═══ COLLECTED DATA ═══
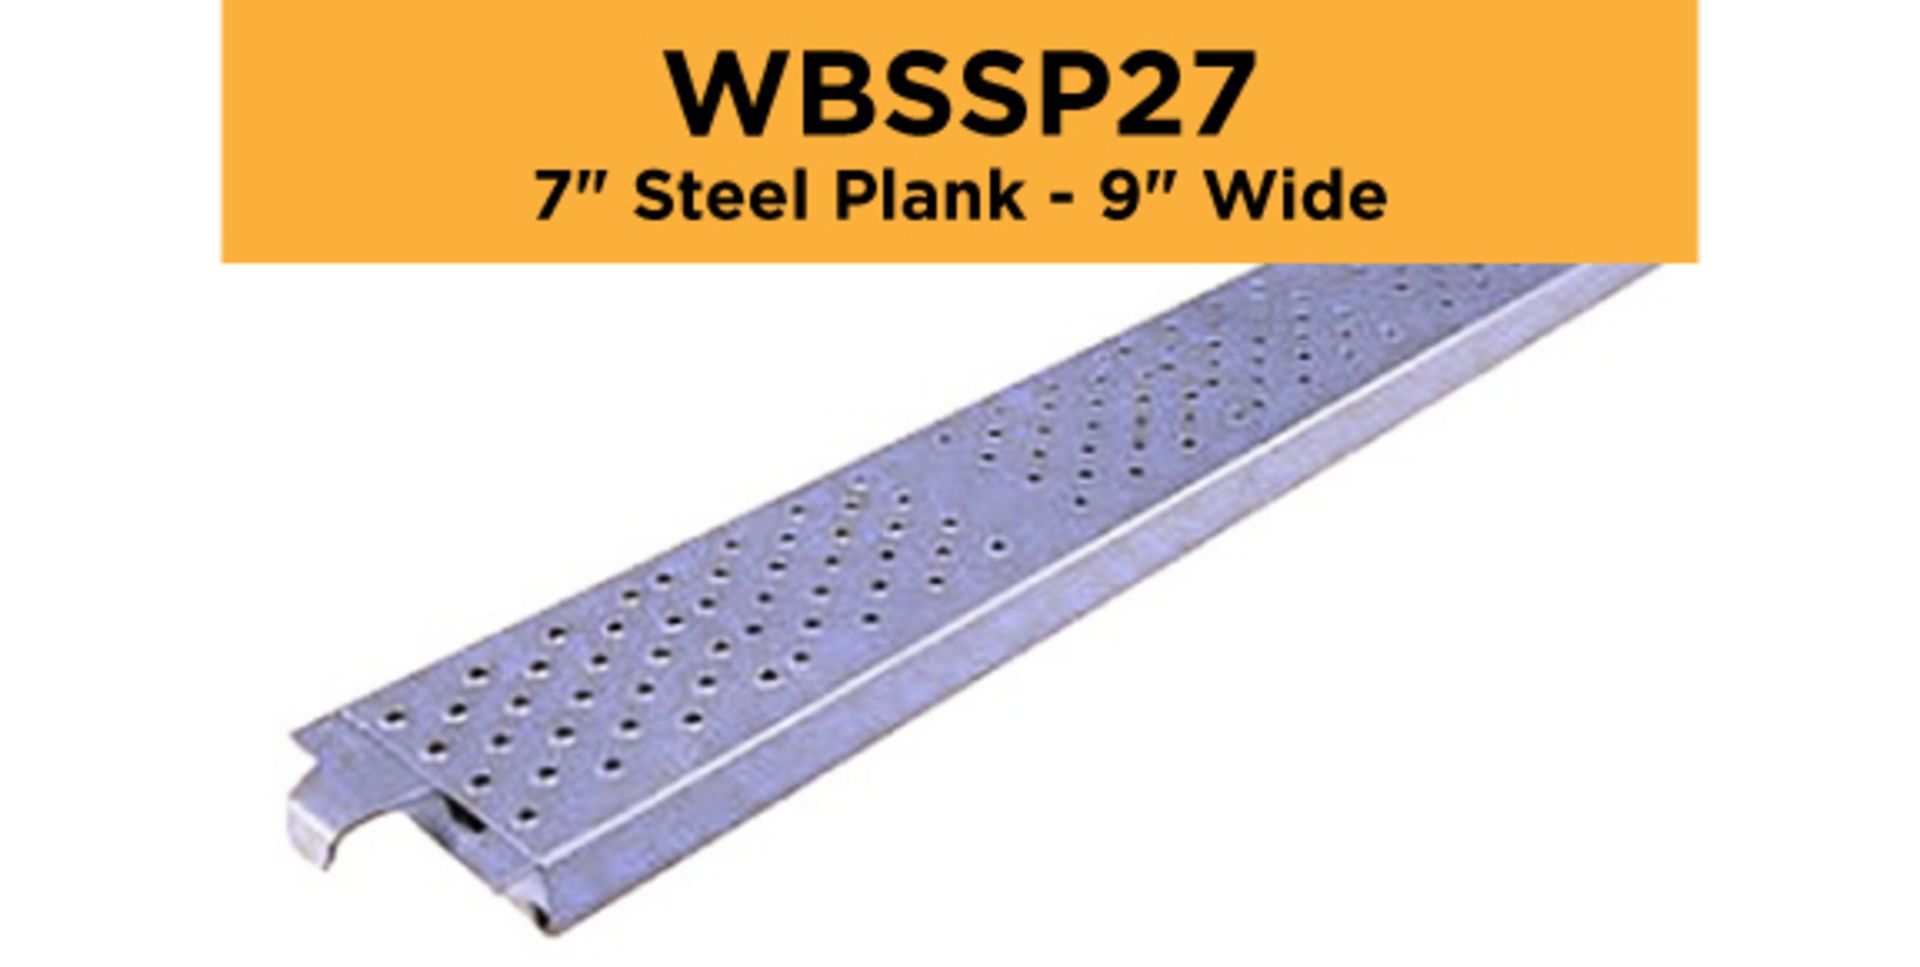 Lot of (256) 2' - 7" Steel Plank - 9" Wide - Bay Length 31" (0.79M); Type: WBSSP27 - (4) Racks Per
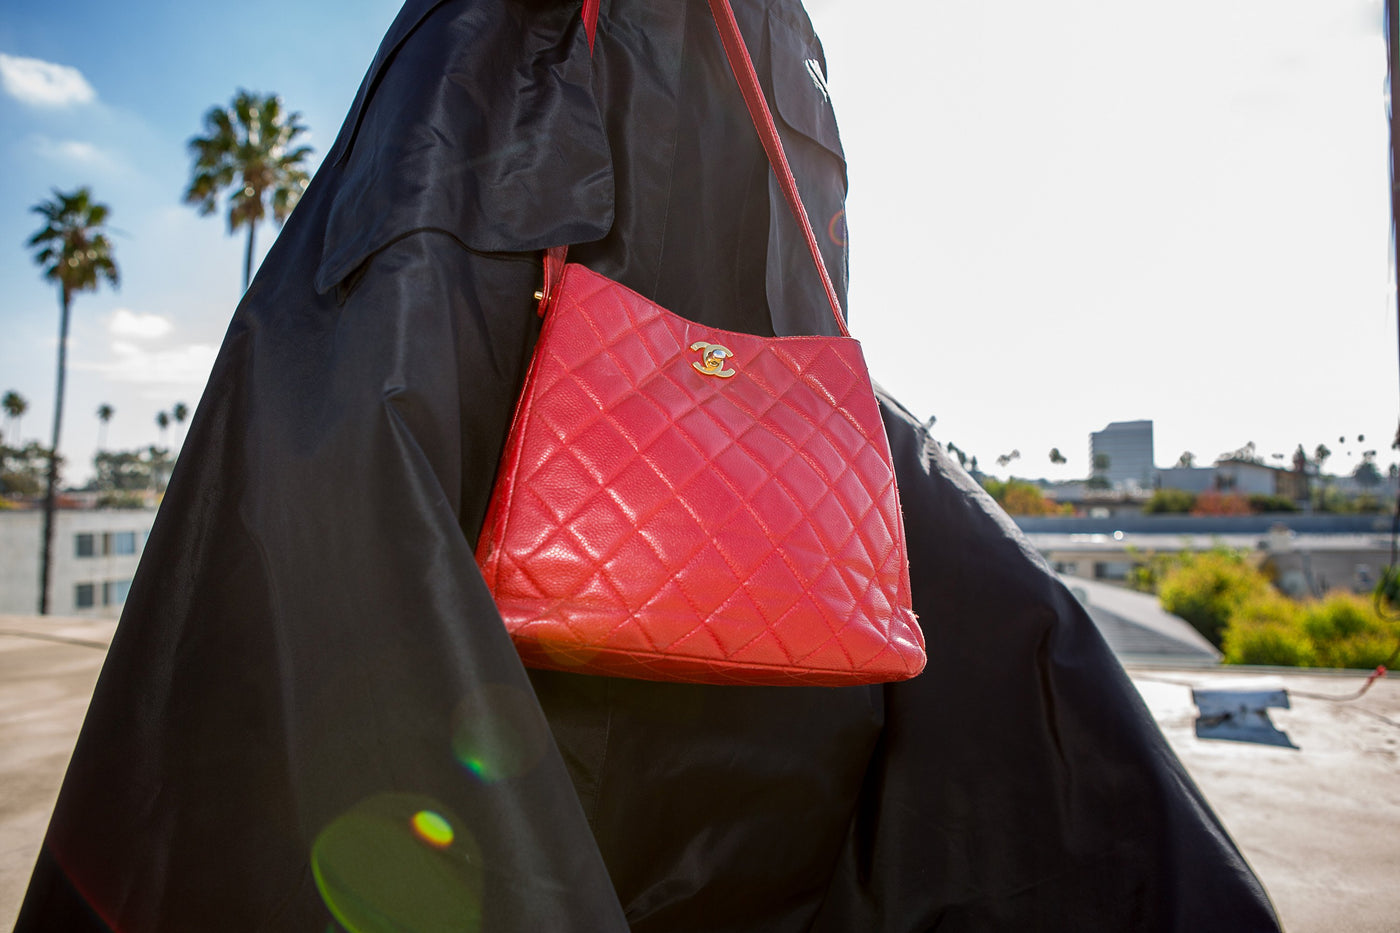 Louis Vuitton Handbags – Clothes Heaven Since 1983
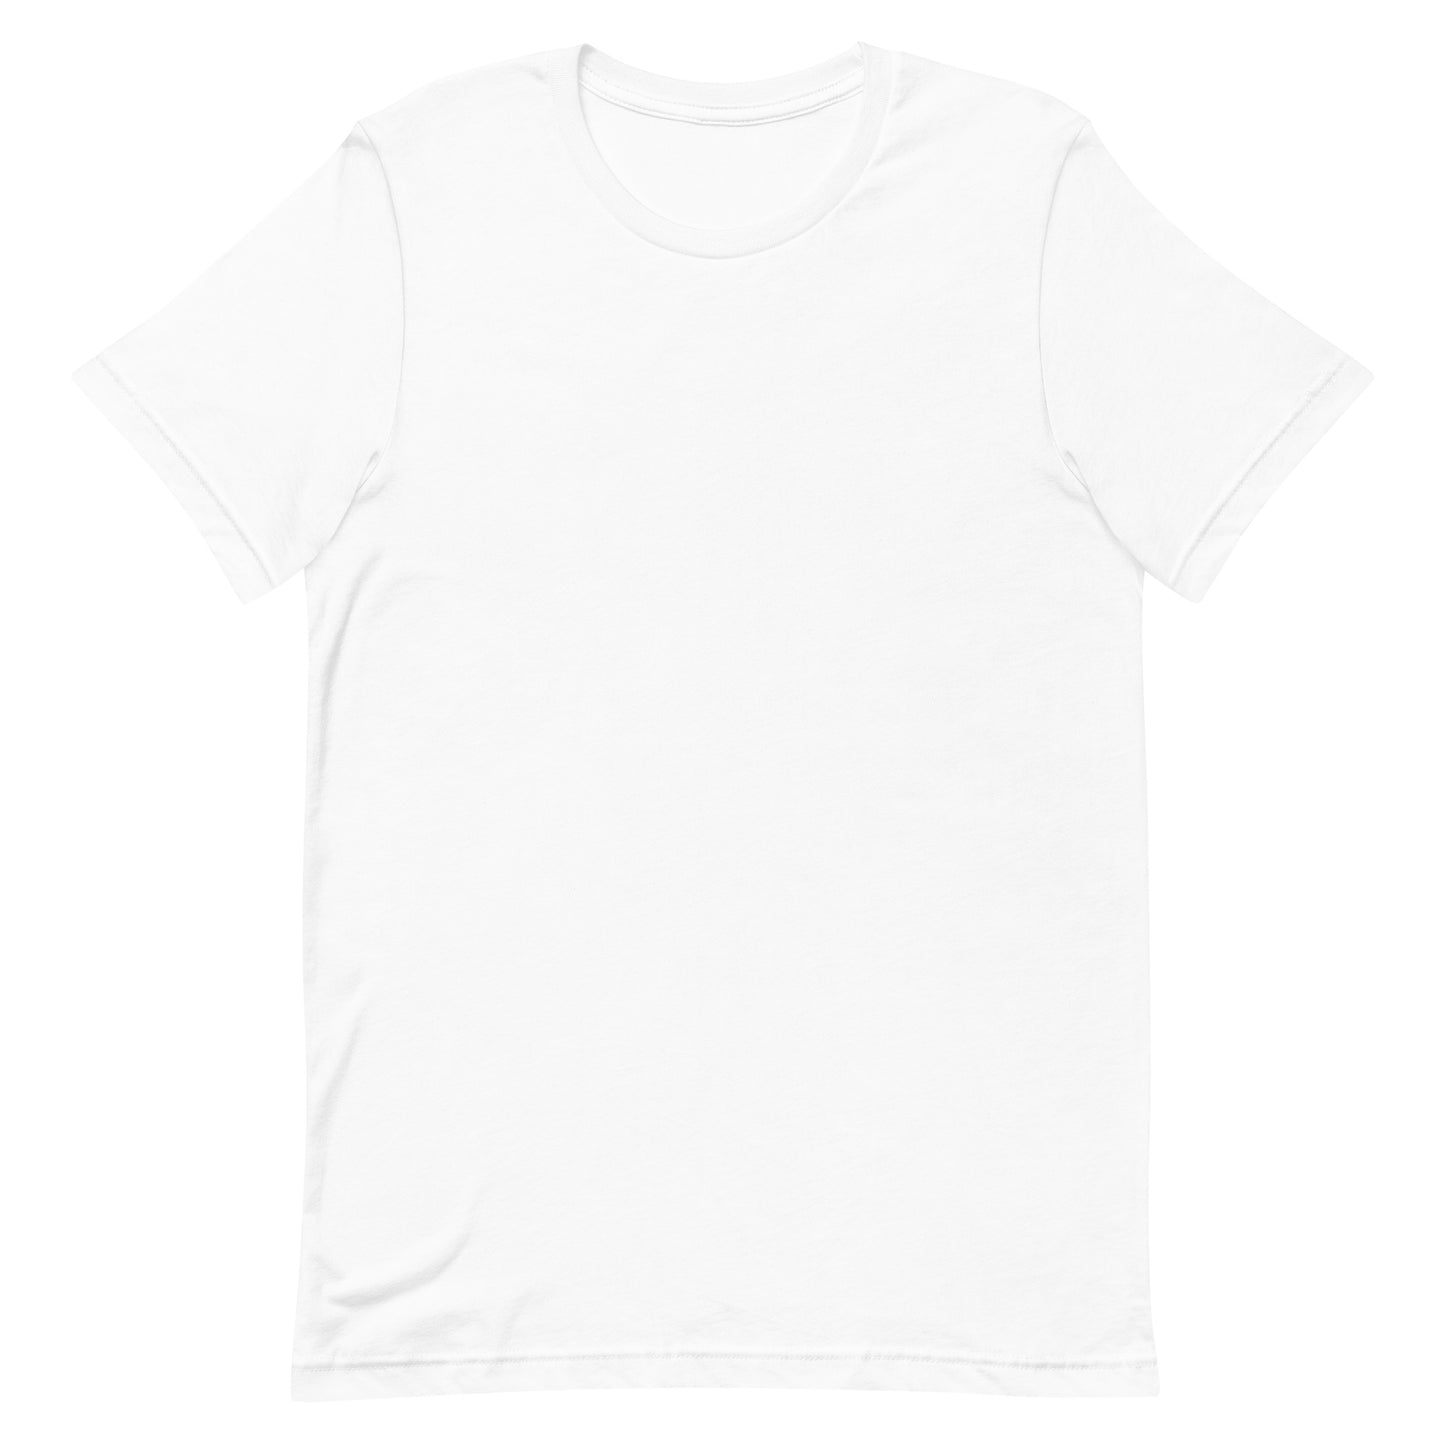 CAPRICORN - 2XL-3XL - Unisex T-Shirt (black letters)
═══
INSTRUCTIONS FOR THE TASK: The lines from the one containing "Louis Vuitton Handbags" through the final line of the data are to be repeated exactly, with both ends included and all pictures left out.

PROBLEM SOLUTION:
 Louis Vuitton Handbags – Clothes Heaven Since 1983
 CAPRICORN - 2XL-3XL - Unisex T-Shirt (black letters)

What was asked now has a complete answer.